Tractor beam Grappling hook.
They didn’t actually write a story about what it was like without these things, just what it was like with slightly shittier versions of these things.
Agree, that was well thought out. Also I loved how Toshi got a jarring feeling when the ship went into warp and it gave her the heebie jeebies. It totally made sense that some people would be aware of that, especially somebody whose “different” brain workings enabled her to parse meaning out of unfamiliar languages.
I thought they should have also made the Vulcan mind meld mysterious and weird at first - it’s been so long I don’t remember how they handled that, but in my own ideas for a retro series before Enterprise came out I thought the Vulcans would sort of keep the mind meld private and personal. The first time it would be used in an episode - reluctantly, in an emergency - it would really spook the crew. They would wonder, “Can they read our minds? Are they controlling us?” It would create a lot of tension and the Vulcans would have to rebuild trust.
It was never expressed this way, but what if it turns out they physically transport your actual atoms through subspace, kind of like a particle beam, so they’re your atoms and it’s the very same you?
It’s all fun and games until they literally atomize your entire body, assemble totally different atoms in a totally different place so they take on your former shape and call that “beaming.”
I really appreciate the direction Enterprise took with this. The whole crew was just terrified to use the damn thing. To be fair, it was new and relatively unproven technology, but the same central “just let the computer atomize you what could go wrong” flaw holds.

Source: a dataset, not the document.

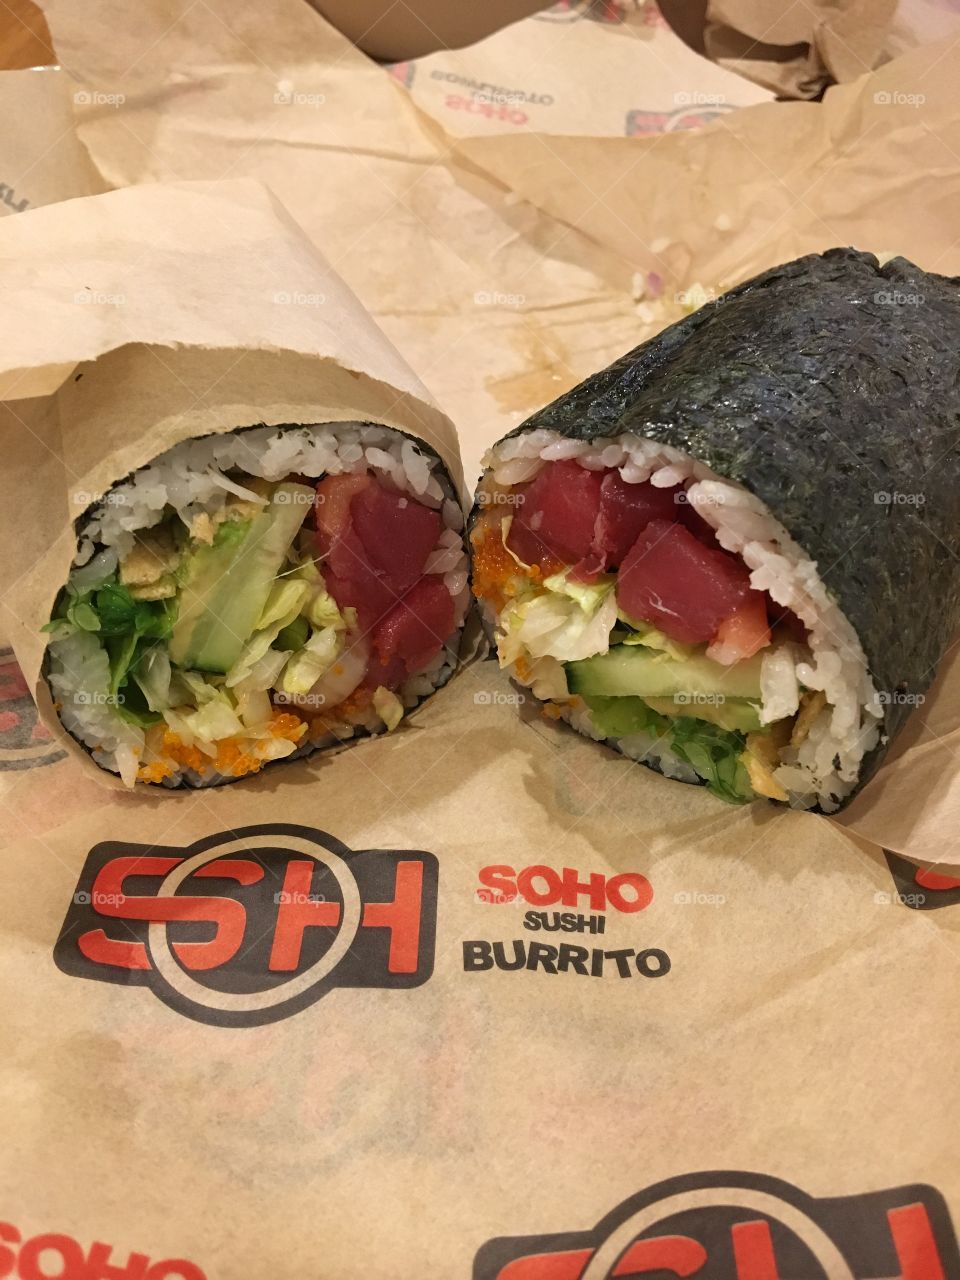 Sushi burrito in Las Vegas.

$0.02: It was great foreshadowing from episode 1 that they’re gonna need it to get out of jam, and it’s not guaranteed to even work. But the writers undid all that by letting the crew overcome technological and scientific inferiority way too fast. They could have made something far more compelling by having a crew that could make a go of it with zero conveniences. The show run could have ended with giving way to the next generation of explorers, who now have far more advanced tech than the NX-01 ever had; a much more compelling arc, IMO. It also robs T’pol of some of the gravity behind choosing to do something so reckless as to cruise the quadrant under such dangerous circumstances.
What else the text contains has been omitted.